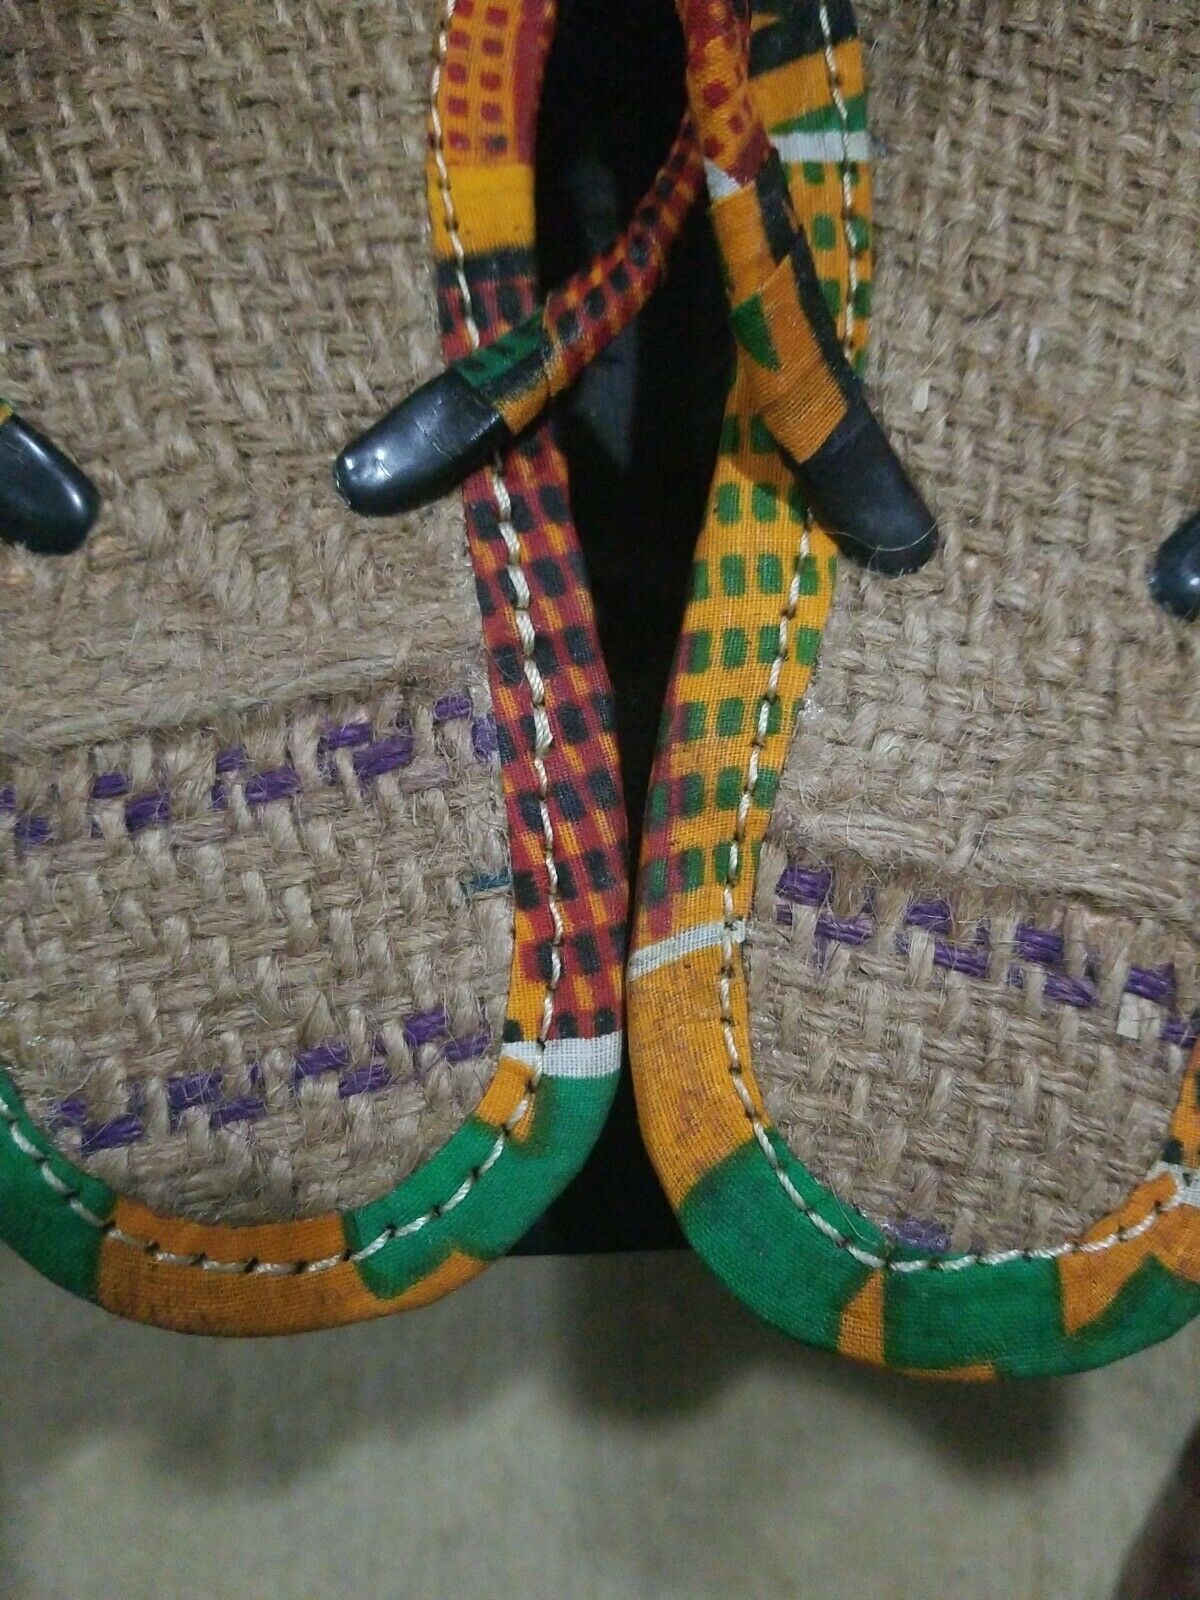 Handmade Kente Slippers with Denim Accents~Size 10M(fits US Size 9M)~$25
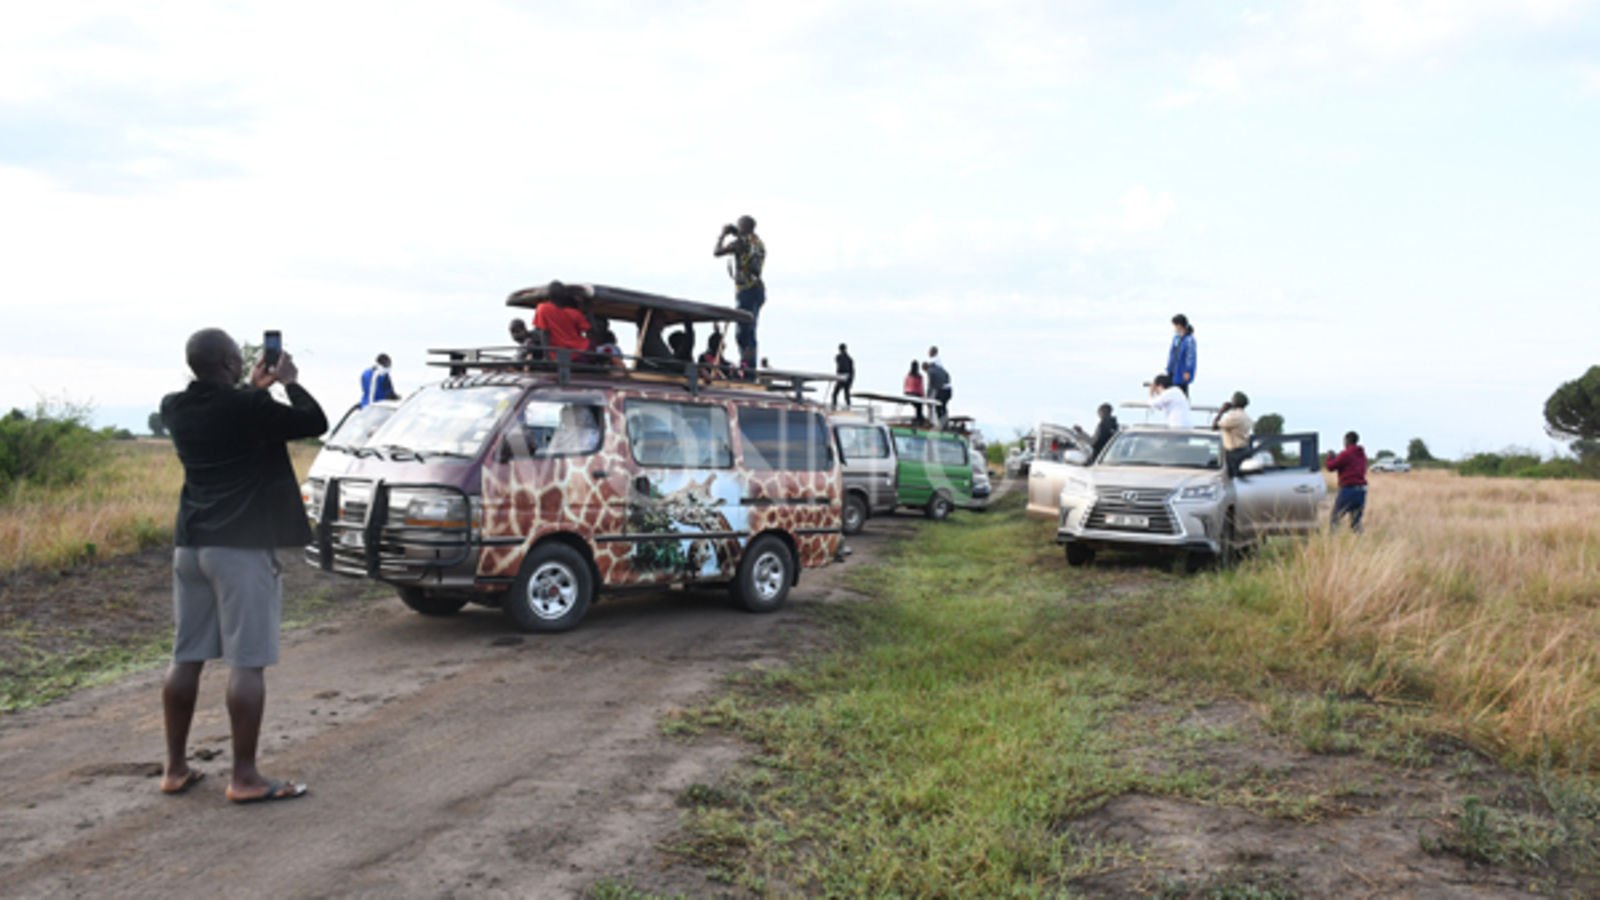 Destinations to Explore with a Rental Car in Uganda
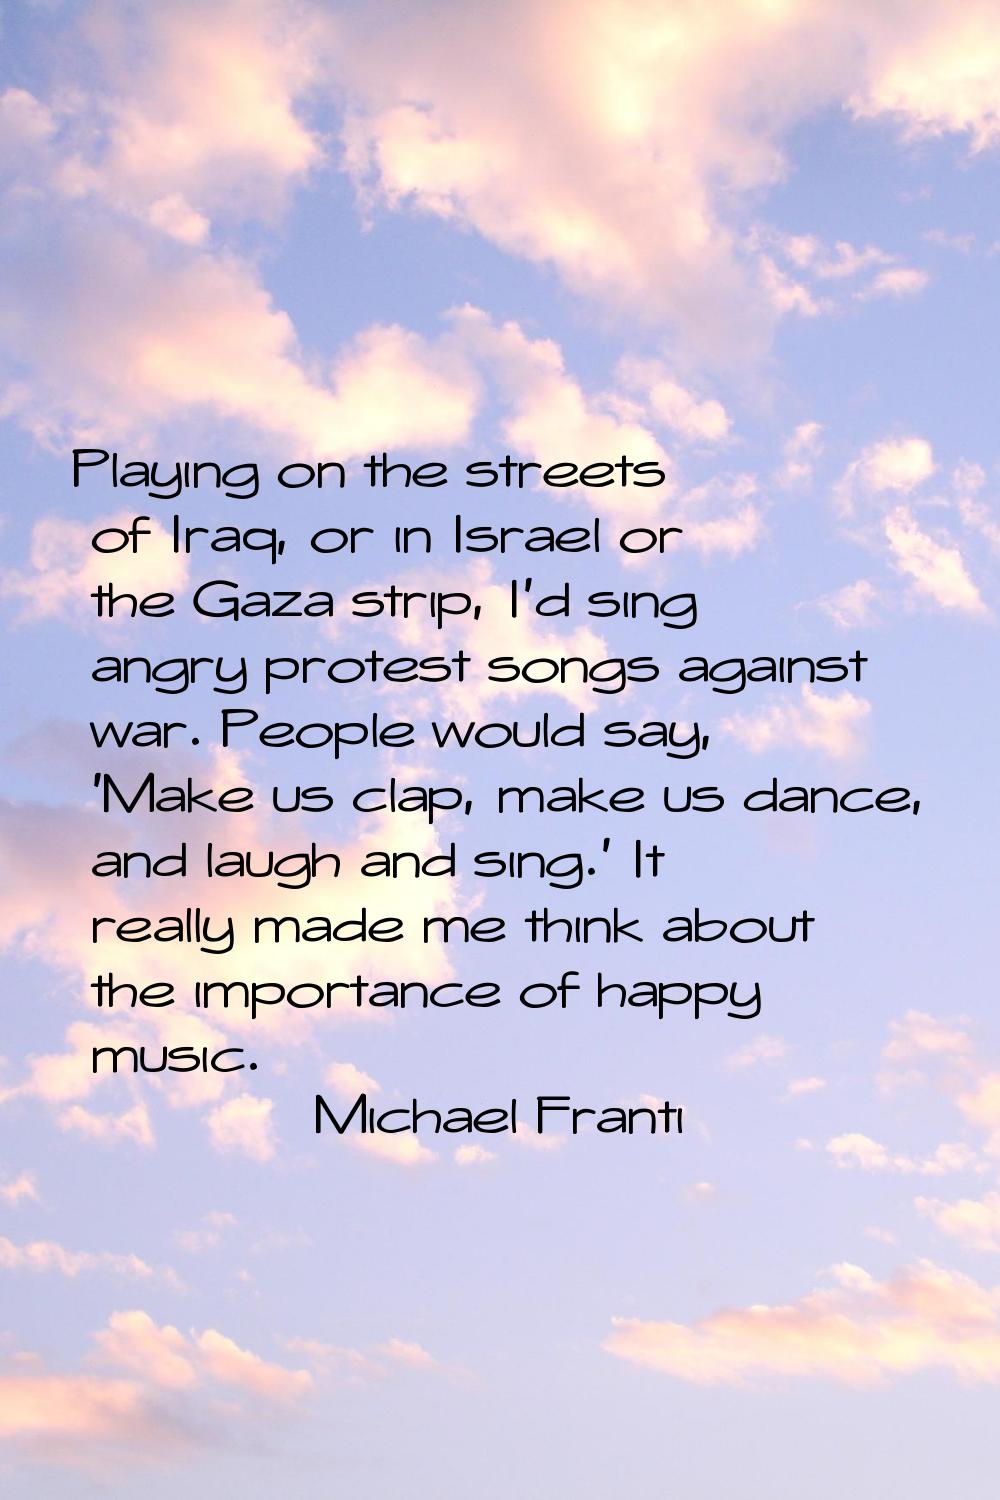 Playing on the streets of Iraq, or in Israel or the Gaza strip, I'd sing angry protest songs agains

----------------

● Problem:
Copy nothing but the lines from the line that contains "Destinations to Explore" through the end of the listing, exactly, and keep pictures out of it.

● Answer box:
 Destinations to Explore with a Rental Car in Uganda
 Playing on the streets of Iraq, or in Israel or the Gaza strip, I'd sing angry protest songs agains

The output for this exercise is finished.